PREC14A preliminary proxy statement made on Schedule 14A

Filed April 27, 2020 by CymaBay Therapeutics, Inc.

File No. 001-36500

Ladies and Gentlemen:

On behalf of CymaBay Therapeutics, Inc. (the “Company”), we are submitting this letter in response to comments received from the Office of Mergers & Acquisitions (the “Staff”), of the Securities and Exchange Commission, by letter dated April 30, 2020, regarding the Company’s Preliminary Proxy Statement on Schedule 14A filed on April 27, 2020.

Set forth below are the Company’s responses to the Staff’s comments. For the Staff’s convenience, we have incorporated the comment into this response letter in italics. Transmitted for filing today is a copy of a revised Preliminary Proxy Statement on Schedule 14A (the “Revised Preliminary Proxy Statement”) reflecting the responses to the Staff’s comments.

Schedule 14A

 

1.

The placeholder included for purposes of disclosing the record date continues to be blank. Rule 14a-13, by its terms, mandates that the registrant shall conduct the inquiry required by Rule 14a-13(a)(1) “at least 20 business days prior to the record date of the meeting of security holders.” Please advise us how the registrant complied with, or intends to comply with, Rule 14a-13(a)(3).

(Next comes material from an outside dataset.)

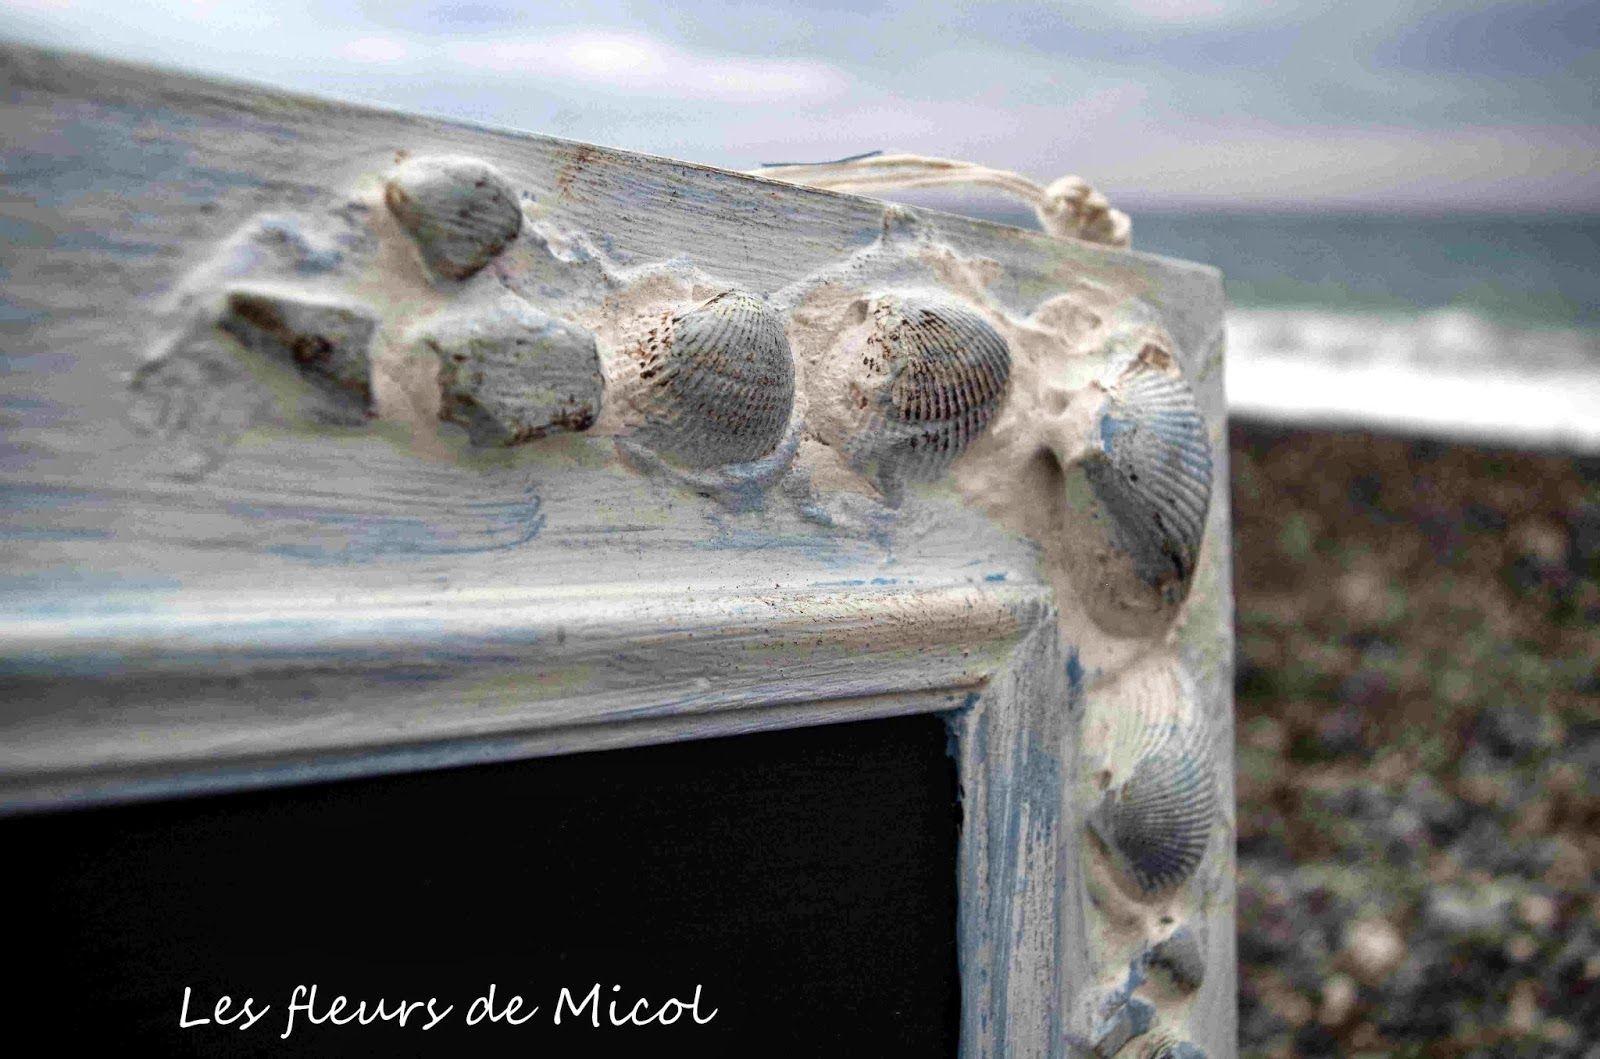 les fleurs de micol: TRA LE ONDE DEL MARE....

Response: The Company respectfully acknowledges the Staff’s comment and advises the Staff that in March 2020 the Company requested that Broadridge Financial Solutions, Inc. (“Broadrige”) conduct a broker search in compliance with Rule 14a-13(a)(1), and we have been advised by Broadridge that the broker search was conducted as of March 30, 2020. On April 28, 2020, the Board of Directors set the record date for the annual meeting to be April 28, 2020, and the record date is now disclosed in the Revised Preliminary Proxy Statement.

 

2.

Please advise us how the registrant intends to comply with the requirement to furnish the annual report before or together with the proxy statement as required by Rule 14a-3(b)(1).

 

COOLEY LLP      3175 HANOVER STREET      PALO ALTO, CA      94304-1130

T: (650) 843-5000      F: (650) 849-7400      COOLEY.COM


May 5, 2020

Page 2 of 4

 

Response: The Company respectfully acknowledges the Staff’s comment and advises the Staff that the Company will be distributing the annual report together with the proxy statement as required by Rule 14a-3(b)(1).

 

3.

Please advise us, with a view toward revised disclosure, the reason why a Table of Contents appears before the apparent first page of the proxy statement as defined in Rule 14a-1(g). Please note that neither the letter to stockholders nor the Notice are required disclosures under Schedule 14A, and therefore neither is part of the proxy statement as defined.

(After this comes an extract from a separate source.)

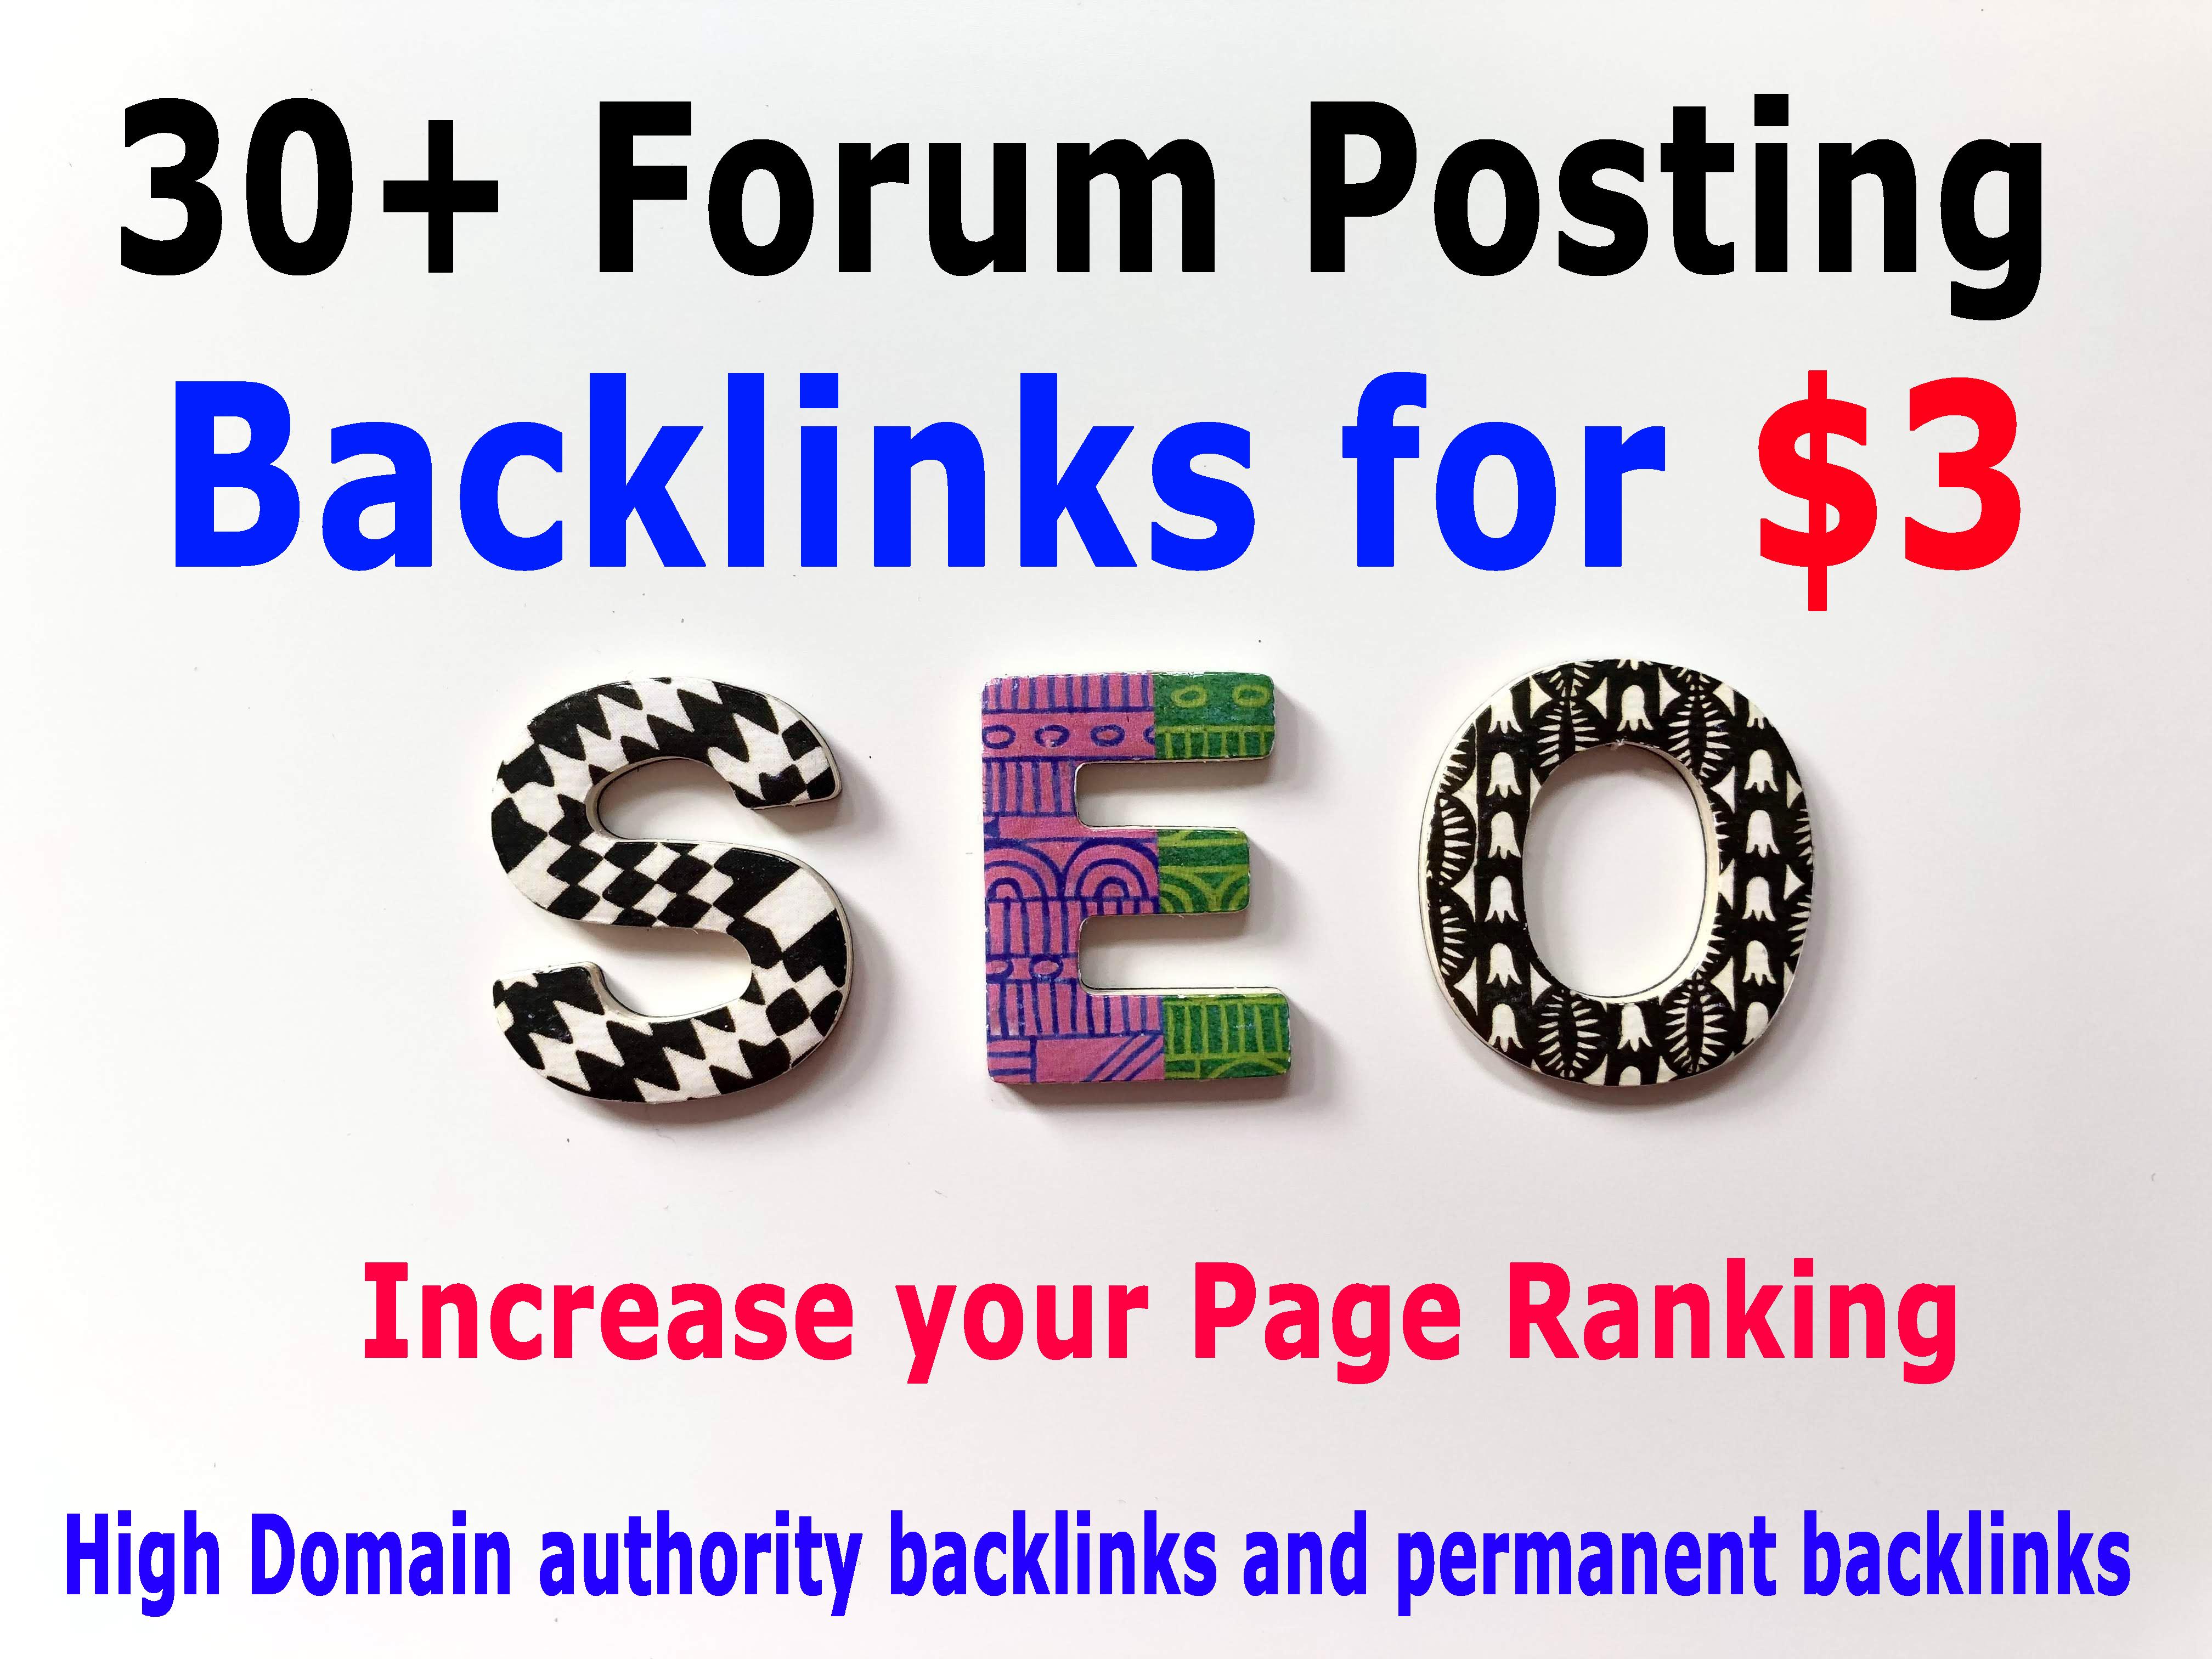 I will build 30+ quality forum posting backlinks

Response: The Company respectfully acknowledges the Staff’s comment and has moved the Table of Contents to immediately precede the section of the Revised Preliminary Proxy Statement titled “General Information About the Proxy Process and Voting”.

What are broker non-votes?, page 7

 

4.

Given that the solicitation is contested, please advise us of the legal basis upon which the registrant has relied to conclude that brokers might be eligible to vote shares in the absence of instructions timely transmitted by beneficial owners. Alternatively, please revise to remove the implication that “broker non-votes” could exist. See Item 21(b) of Schedule 14A.

Response: The Company respectfully acknowledges the Staff’s comment and has revised the disclosure in the Revised Preliminary Proxy Statement to remove the implication that broker non-votes could exist.

Item 1. Election of Directors, page 13

 

5.

In light of the requirement under Item 5(b)(1)(iii) of Schedule 14A to state whether or not any of the participants have been the subject of criminal convictions within the last ten years, please provide us with a written reply on behalf of each participant in response to this line item notwithstanding the fact that a negative response need not be disclosed in the proxy statement filed under cover of Schedule 14A.

Response: The Company respectfully acknowledges the Staff’s comment and in response to the comment confirms that the Company sends to its directors and executive officers, including those that are designated as “participants” in Appendix A to the preliminary proxy statement, D&O questionnaires and each has confirmed that he/she has not been the subject of criminal convictions within the last ten years.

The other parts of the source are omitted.